Los samanes, plantados hace un siglo por migrantes japoneses, se entrelazan, abundantes y espigados, para formar un sendero que más parece jardín zen. Cuando hay tormenta, relámpagos vienen y les laceran el tronco. Entonces se hace preciso resguardarse. No vaya a ser que el destino escoja un trueno como cómplice y la imponencia del paisaje como escenario para una electrocución épica. El cielo cambia de soleado a gris, violeta o naranja en instantes.
Estoy galopando por el Valle del Cauca, donde ando buscándome exilio, entre hectáreas de caña y bosques recuperados. El viento refresca la frente. Toda ansiedad se disipa. Yo aquí, a expensas de Cleopatra, noble yegua, en inmejorable compañía y escoltado por Pirulo, perrito cuyo tamaño reducido no le impide apresurarse a acechar el vuelo de los pellares… una de las muchísimas especies de aves de todas las tonalidades y dimensiones imaginables que pueblan o visitan la región.
De súbito mi anfitrión y yo debemos detenernos. Un rebaño de corderos se nos aproxima anunciándose con el ‘baaaah’ de rigor. Me siento turista en un parque temático del cine y la ‘vallecaucanidad’. Una experiencia que mezcla La mansión de Araucaima (versión Caliwood) con María. Tengo por hospedaje una hacienda de principios del siglo XVIII que antes fuera claustro jesuita, restaurada gracias a la pasión de sus propietarios y custodios. Si hace mucho calor, bien puedo sumergirme en una pileta larga que desemboca sobre un lago donde, al atardecer, los murciélagos que habitan el níspero bajan a hidratarse, planeando en círculos, cerca de la superficie. Tengo por vecinos a, calculo yo, dieciséis perros amistosos de todos los tamaños, temperamentos y pelambres posibles. Un paraíso, en el sentido canino de la expresión.
Aquí, muy cerca, viven búfalos. Sus miradas son apacibles y su fortaleza intimidante. Alrededor abundan anfibios, peces y lagartos. Sobre la grama yacen las conchas en espiral de lo que días atrás fueran moluscos de tierra y hoy banquete devorado por el águila caracolera. Unas guacamayas, jacarandosas, van regalándonos sin descanso las notas de su canción, mientras atardece. Ayer, no más, nació una potranca. La orgullosa abuelastra humana, nos llevó a presentárnosla. Tanta vida pugnando por emerger conmueve. Hay flores. Una es la ‘de Jericó’. Otra, la de la pitahaya roja, con su aspecto tan prehistórico. Pero esas son sólo dos. El campo anula el tedio dominical. Los afanes parecen irse disipando y devolviéndole su lugar sagrado a la contemplación.
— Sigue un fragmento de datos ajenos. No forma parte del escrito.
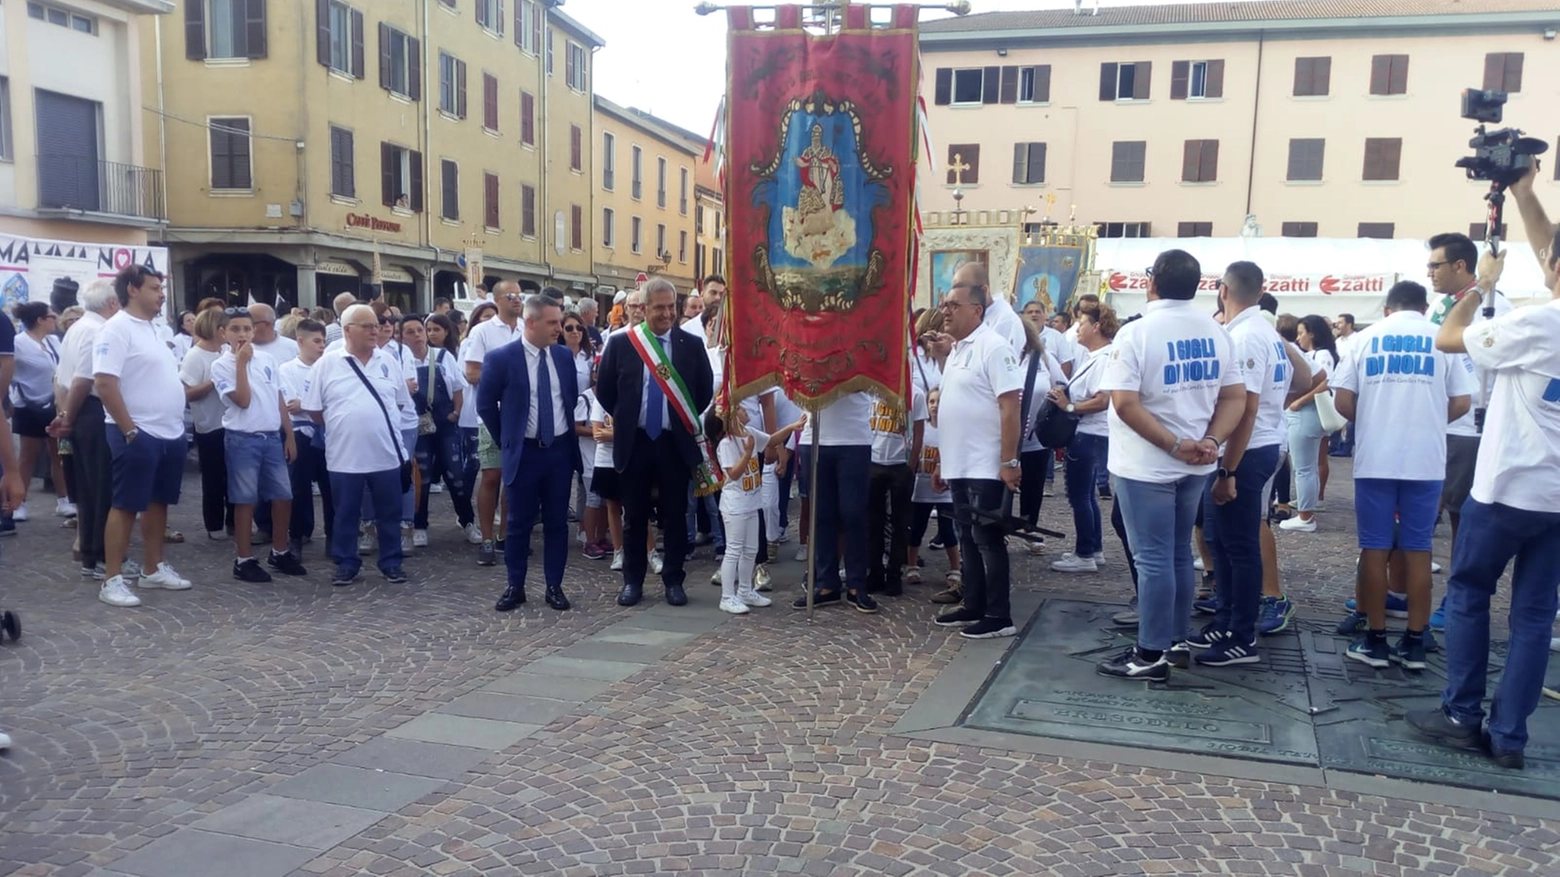 La cerimonia in piazza Matteotti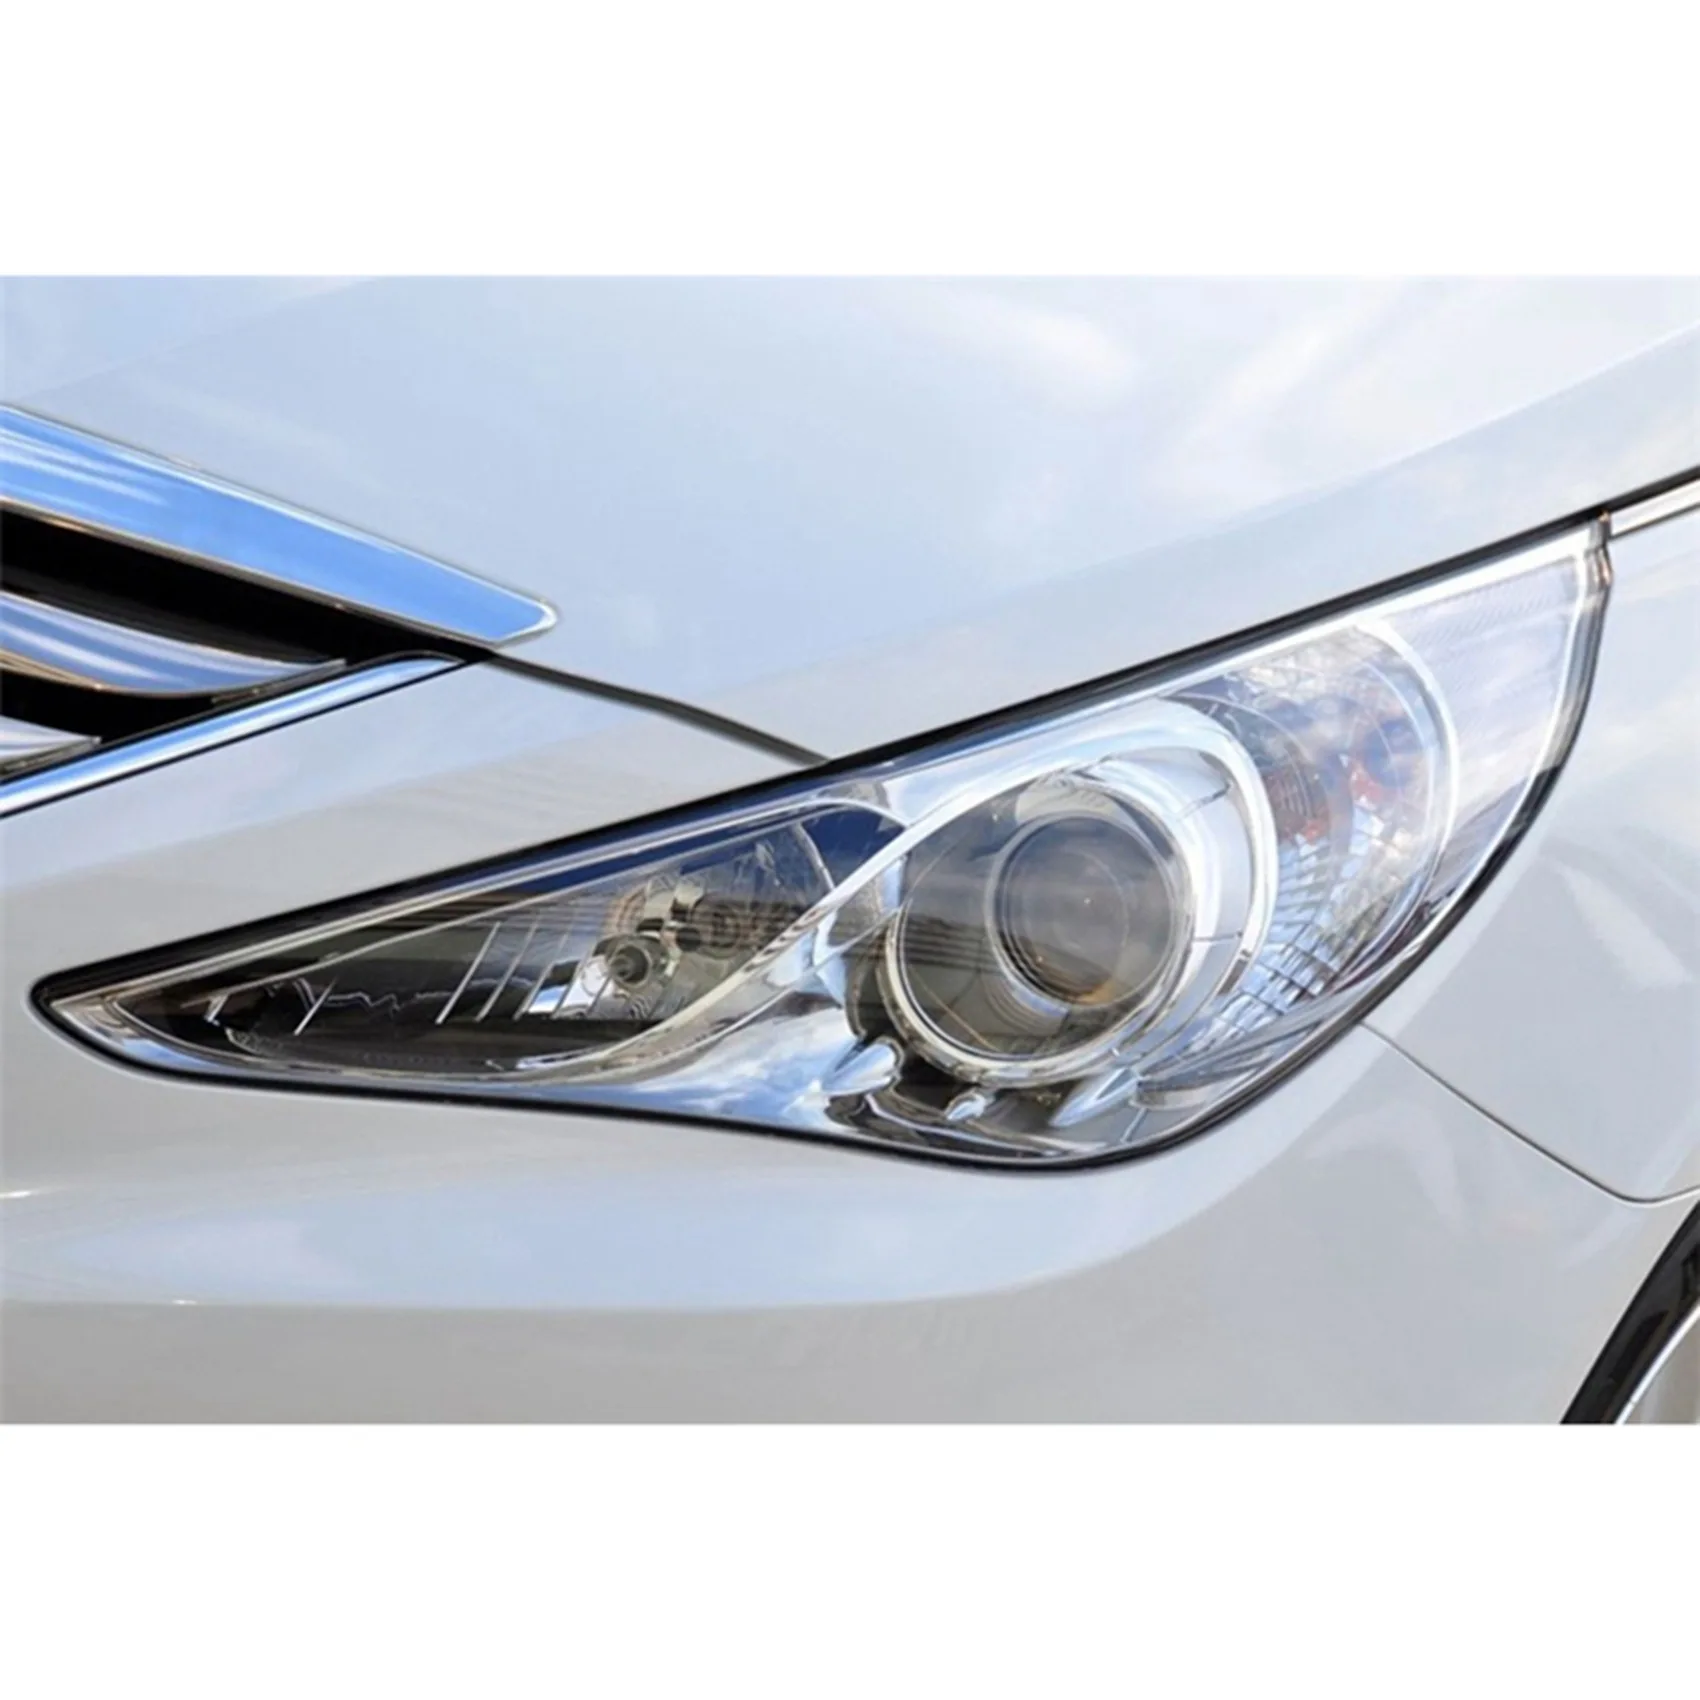 Объектив левой фары Головной свет Крышка лампы переднего автомобильного фонаря для Hyundai Sonata 2011 2012 2013 2014

Sigo mirando, embelesado, aquello que para los lugareños será cotidianidad, pero que para mí es expedición naturalista. Comienzo a preguntarme si no habría sido o si seguirá siendo más sensato abandonar la obsesión superpobladora de hacinarnos en ciudades y así rendirnos a la magia de la ruralidad. A aquel universo de ríos y ‘verdores’ al que los capitalinos tendemos a mirar con desdén, producto, está claro, del desconocimiento y la falta de contacto. No a ese campo marginado, alejado y palúdico que algunos tienen en sus mentes, sino a uno sostenible e infraestructuralmente digno, aunque al tiempo liberado del influjo de la codicia humana. Uno debidamente preservado en esa multiplicidad de verdes, vidas y aguas que, de no ser por las ambiciones industriales y la desconsideración personal de tantos, podría constituir la salvación de este tesoro llamado Tierra. Quizá todavía podamos enderezar modelos y prioridades. Hasta el otro martes.